Where was the magic coming from? The answer has always been clear, but the past few months have provided ample confirmation. Ferguson. The old Scot. The Govan maestro. The man many of us wrote off, but who just kept delivering in the only arena that mattered: the pitch. United have pretty much imploded since the most compelling character in British football left his office at Carrington. The entire United set-up, from the players to the receptionist, has appeared bereft.

How did he do it? The great mystery of the Ferguson tenure is that nobody has managed to provide anything like a convincing explanation for his success. It was not just that he was the manager of a big club with lots of money. It was not just that he had success in the transfer market (many purchases were excellent, but many were not).

His principal quality, his defining genius, was his ability to extract the maximum - every last damn drop - from the players who lived under his extraordinary spell. He weaved some sort of magic into their minds, added iron to their collective will.
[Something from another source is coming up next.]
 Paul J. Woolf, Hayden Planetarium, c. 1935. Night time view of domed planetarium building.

The shock is not how far United have fallen under Moyes, it is the heights at which Ferguson had kept them. It was the worst possible of inheritances for the former Everton manager; a global brand, an unsullied record of success, owners with an iron fist on spending and the most exacting of spotlights. He had a squad that was ordinary at best by United's standards, but which had just won the Barclays Premier League by a staggering 11 points.

Ferguson had finished his 27-year spell by delivering two things: a parting gift to supporters and a precision-guided missile into any hopes of a successful transition. It is simple, really; Moyes was faced with expectations he could not hope to meet.
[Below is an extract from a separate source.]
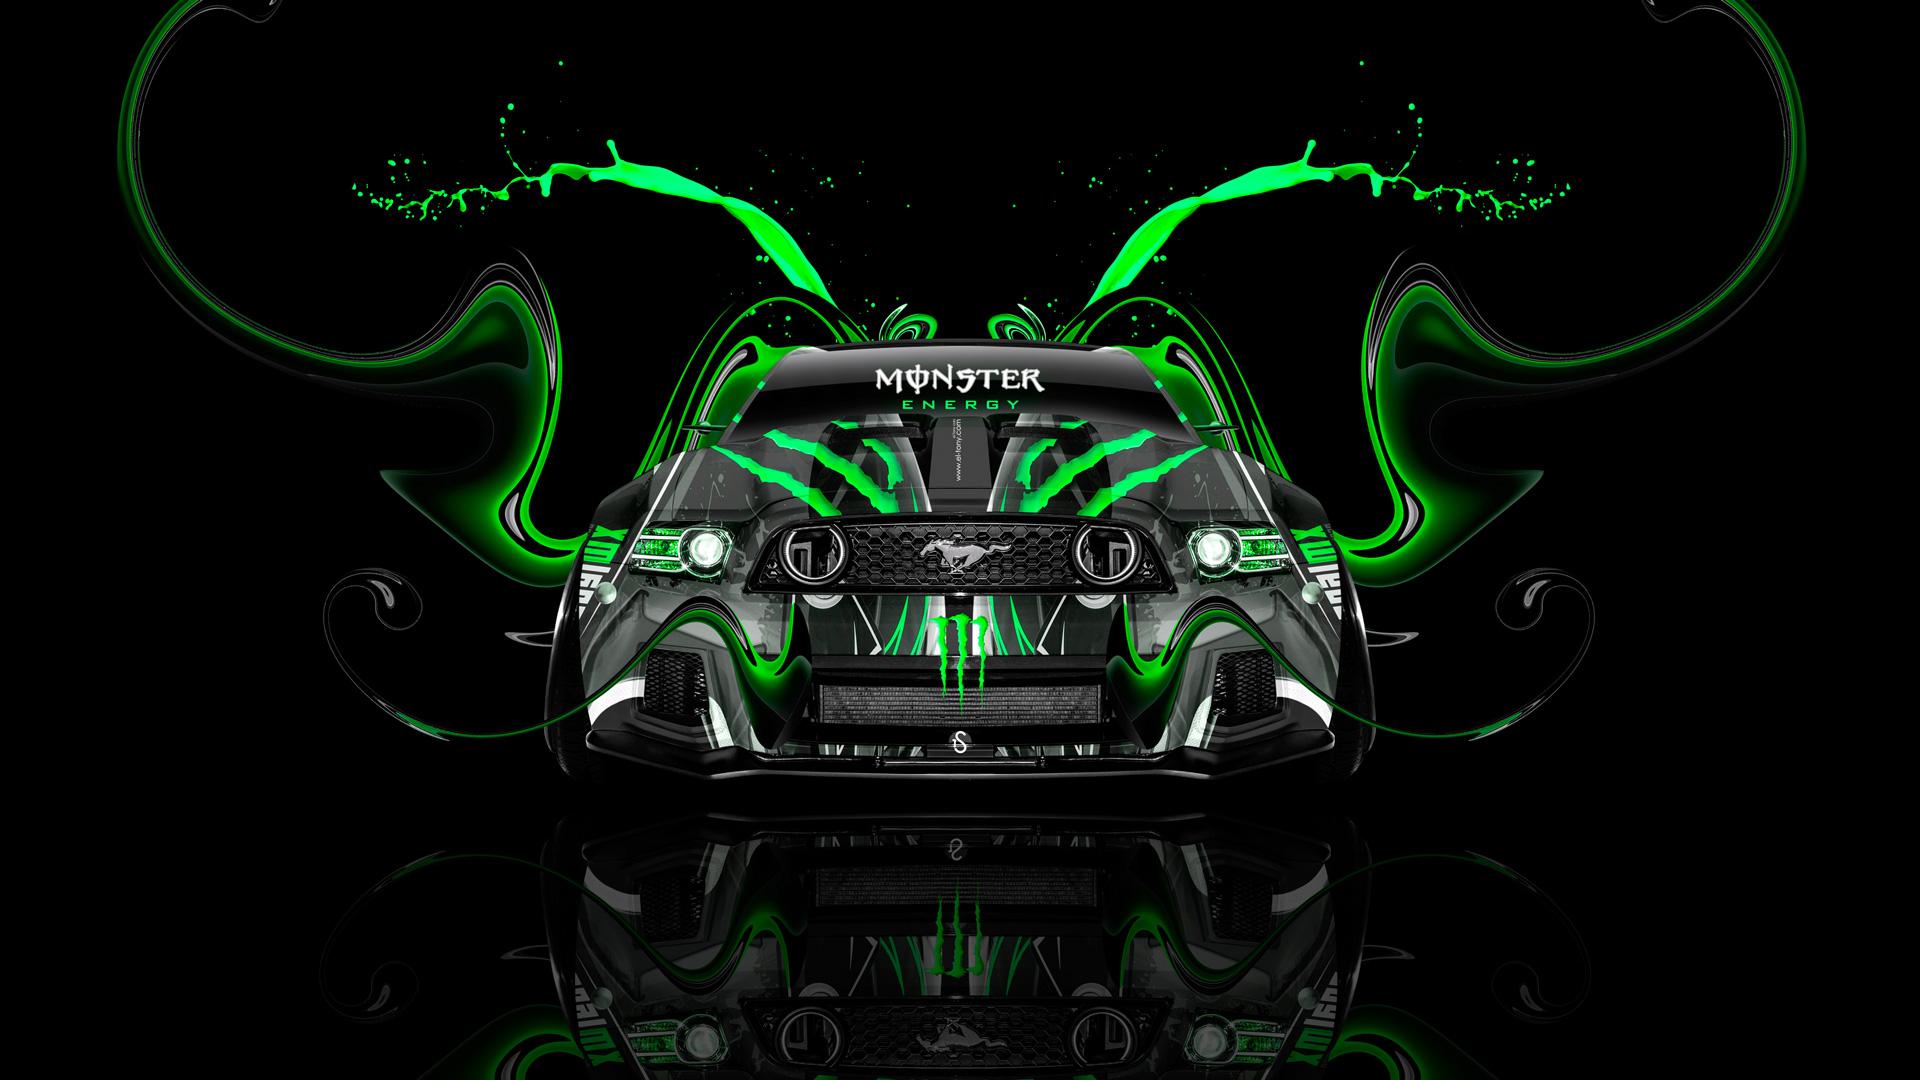 Plastic Car 2014 HD Wallpapers design by Tony Kokhan [wwwel tonycom 1920x1080

United's fall was, perhaps, rather more vertiginous than many expected, but it would be wrong to dismiss Moyes as some hapless fool, as many have been quick to do. He performed creditably at Everton over a long period (according to the statistics he delivered results above financial expectation) and brought steely dignity to a difficult job at Old Trafford.

It must have been close to traumatic for this proud man to watch his tenure veer from hope to despair and finally to ridicule. One suspects that Moyes had simply not recognised the sheer size of the boots he was stepping into.

Instead of blaming Moyes, it would be more edifying to renew our wonder at the man he replaced. Whatever you might say about Ferguson's erratic temper, his serial criticism of referees and his juvenile boycott of the BBC, it is impossible to deny his track record. He anointed Moyes as his successor and doubtless believed that his fellow Scot, whom he had long admired, would keep the titles rolling in.

It is possible, then, that even Ferguson had not realised the scale of the miracle he had been performing, and how difficult the transition would prove for his "chosen one".

United's search for a replacement will occupy a lot of football's bandwidth in the coming days, but the underlying analysis will not alter one jot. If United are to return to the glory days, they will either have to spend significantly more on players, or hire a manager with talents comparable to those of Ferguson.

The fear for United fans is that both possibilities seem remote.

There are few, if any, managers who compare to the Scot. And the Glazers have little inclination to depart from a business model predicated not on winning trophies, but on securing them a huge windfall.